『よりよく生き延びる―3・11と男女共同参画センター』
- 著者
- せんだい男女共同参画財団 [編集]
- 出版社
- 新潮社
- ジャンル
- 社会科学/社会
- ISBN
- 9784109101066
- 発売日
- 2017/11/17
- 価格
- 1,430円(税込)
書籍情報:JPO出版情報登録センター
※書籍情報の無断転載を禁じます
<東北の本棚>役割自問し支援に動く
[レビュアー] 河北新報
仙台市はエル・パーク仙台、エル・ソーラ仙台という二つの男女共同参画推進センターを設置している。東日本大震災発生を受け、指定管理者として運営するせんだい男女共同参画財団のスタッフが、その役割を自問しながらさまざまな支援活動に取り組んだ足跡をつづった。

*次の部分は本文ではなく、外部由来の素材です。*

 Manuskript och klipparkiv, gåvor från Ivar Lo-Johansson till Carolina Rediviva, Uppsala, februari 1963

手探りのスタートだった。震災直後の会議で女性の電話相談を受け付ける窓口の開設を提案した時、市から出向している上司は難色を示した。相談員も被災しており体制が整わない。根拠法に定められた手続きを行うのが行政の基本であり、定められていない緊急相談に取り組むことに慎重になるのも無理はなかった。

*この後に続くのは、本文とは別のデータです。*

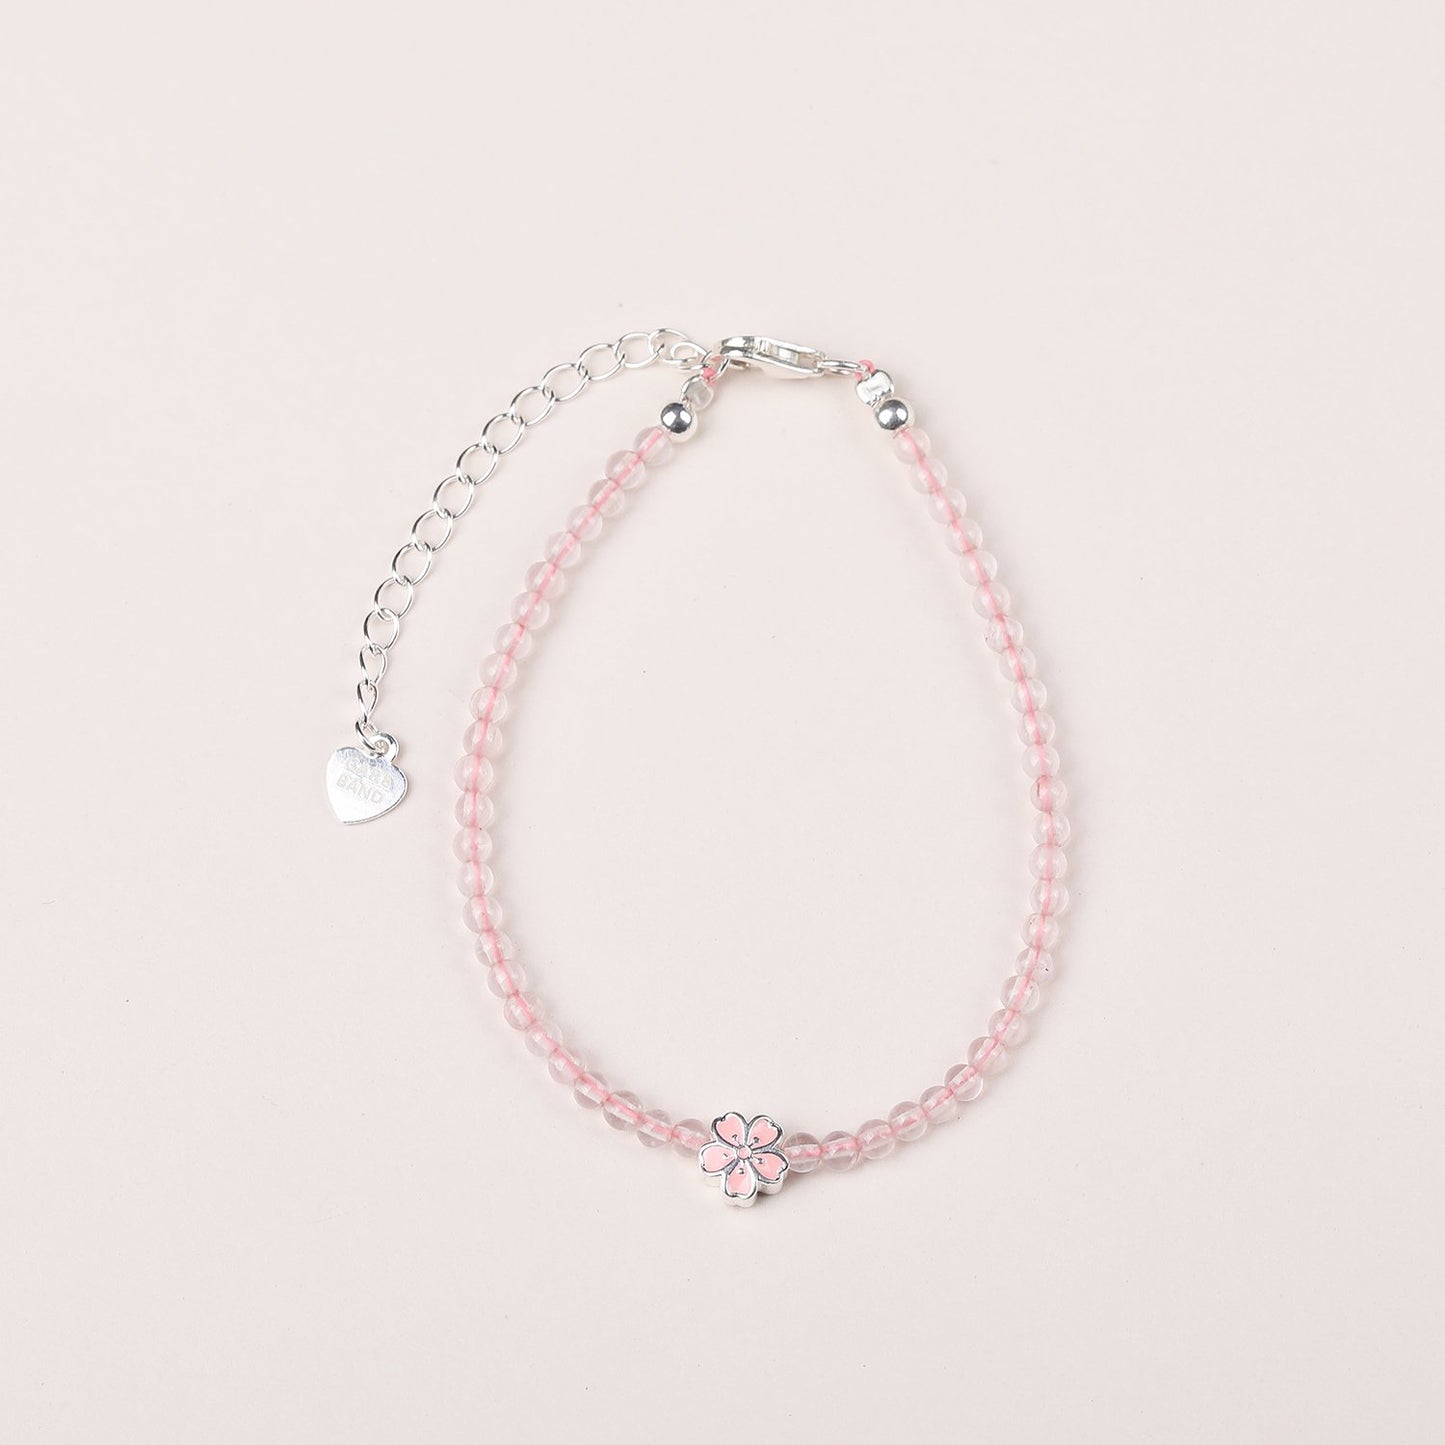 Soft Spring Care Band Rose Quartz Bracelet

しかし現実に、避難所生活にはトイレやプライバシーなど女性ならではの困難があり、家族の不安の受け皿にもなっていた。個々の女性の問題としてでなく、解決すべき社会課題として取り組むのがセンターの仕事ではないか。そんなスタッフの熱意が壁を打ち破った。
2011年3月下旬、センターはNPO法人の協力を得て電話相談の窓口を開設。暮らしや育児、介護などに関する多くの不安や悩みの相談に応じた。4月には避難所の女性の衣類を預かり、洗濯して返す活動「せんたくネット」も開始。8月までに延べ287人の女性ボランティアが協力し、520袋の洗濯物を扱った。
震災前から、センターはその存在意義について自問を重ねていた。06年、市は行財政改革の一環でエル・パーク仙台の廃止を検討。市民の反対があって存続が決まったが、必要性を否定されたかのような苦い経験が「地域に何を求められているのか」を真剣に考えさせた。
「生活に欠かせないインフラとは違い、男女共同参画は目に見えない。ドアがないところに、必要となるだろうドアをつくるような仕事なのだ」の一文が重い。非常時こそ、目に見えないニーズをいかにくみ取るかが問われるのだろう。
新潮社03(3266)7124=1404円。